The 2018 EHF European Men's Handball Championship was the 14th edition of the tournament, hosted for the second time in Croatia from 12 to 28 January 2018. Croatia was awarded hosting the tournament during the EHF congress in Dublin on 20 September 2014. This was the last edition to feature 16 teams, with the 2020 edition expanding to 24 teams and six preliminary groups format.

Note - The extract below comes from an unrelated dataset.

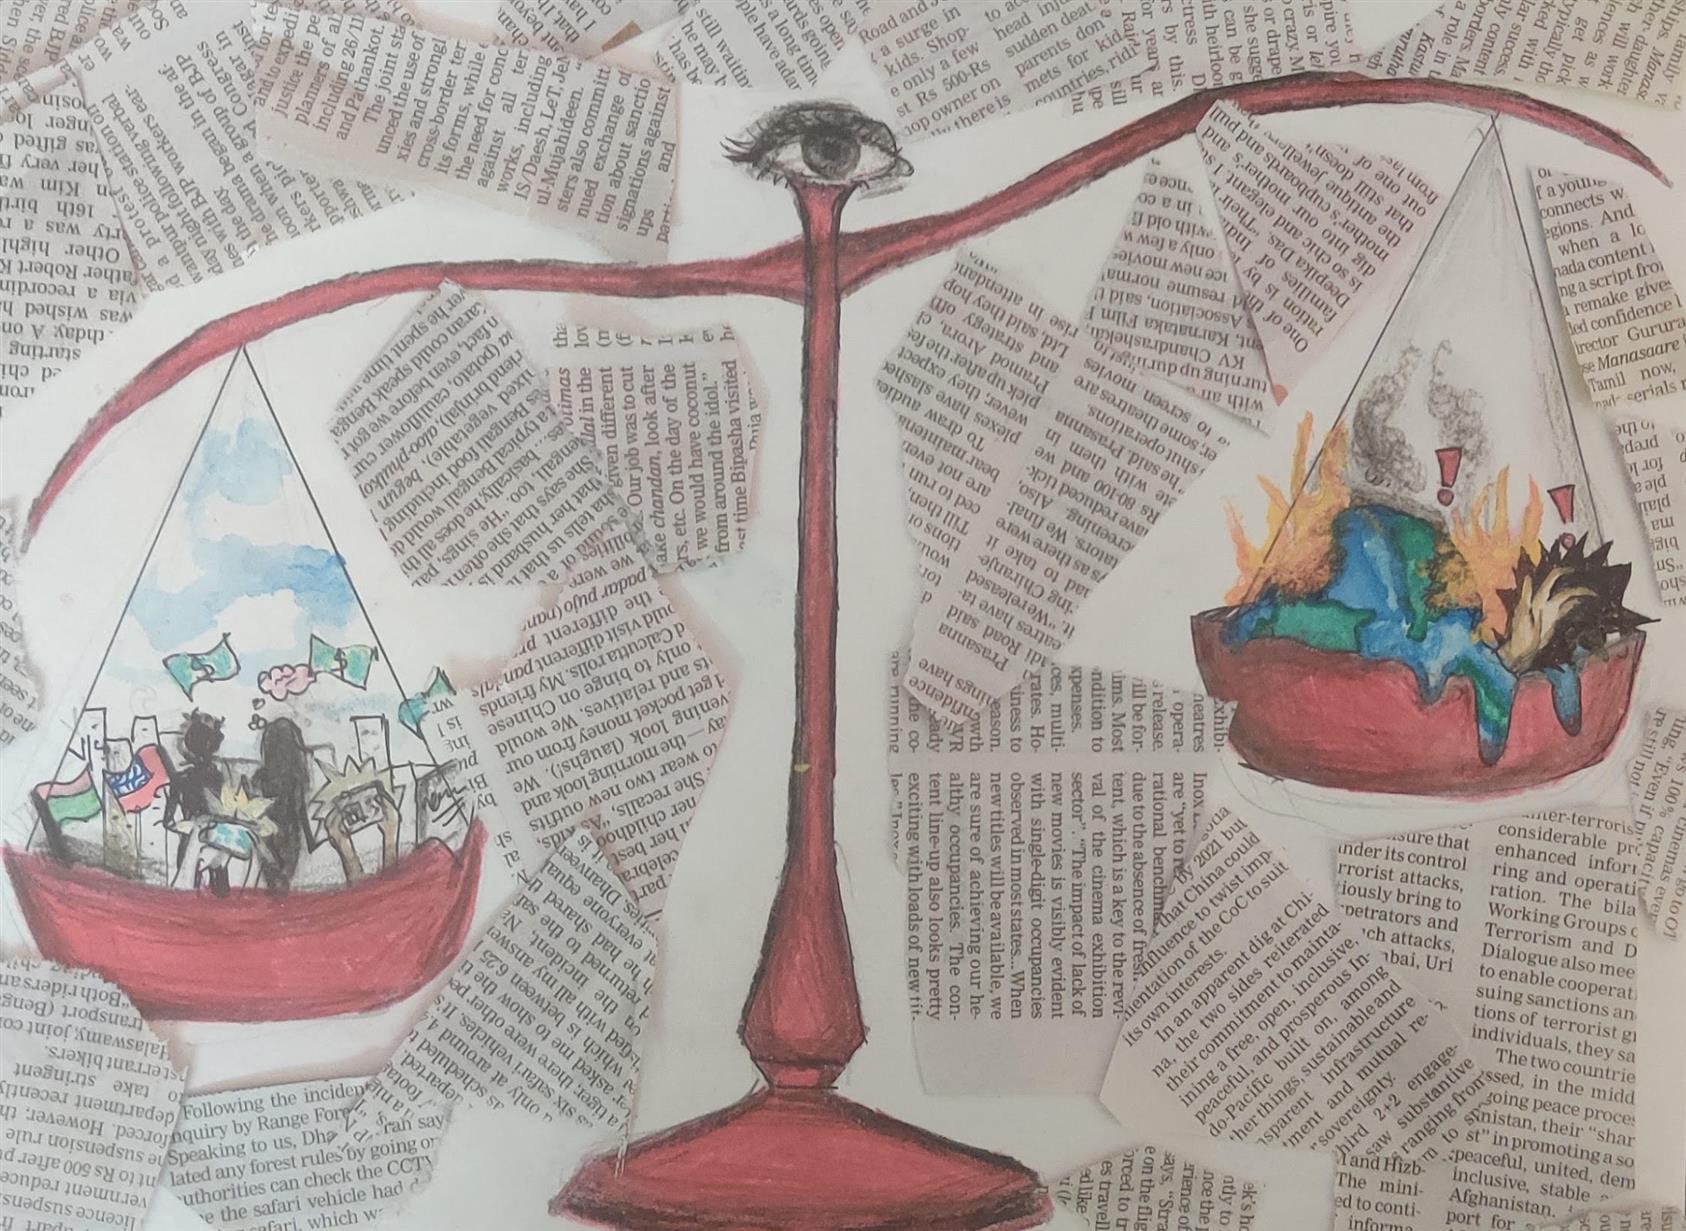 NEGLECTED ENVIRONMENT: Akhila Rahul

Spain won their first title after defeating Sweden 29–23 in the final. France captured the bronze medal after defeating Denmark 32–29. Defending champions Germany finished 9th while the hosts Croatia broke the streak of playing 7 semifinals in a row by finishing 5th.

==Bidding process==
The interested nations were as follows:
- CRO Croatia
- NOR Norway
- SWE Sweden

In December 2013, these were announced as the bids:

- CRO Croatia
- NOR Norway
- NOR and SWE
- SWE Sweden

Croatia was recommended as the preferred bid. Croatia was confirmed as the host on 20 September 2014.

==Venues==
Each venue hosted one group, while Zagreb and Varaždin (which replaced Split as a main round venue) hosted the main round. The final weekend was in Zagreb.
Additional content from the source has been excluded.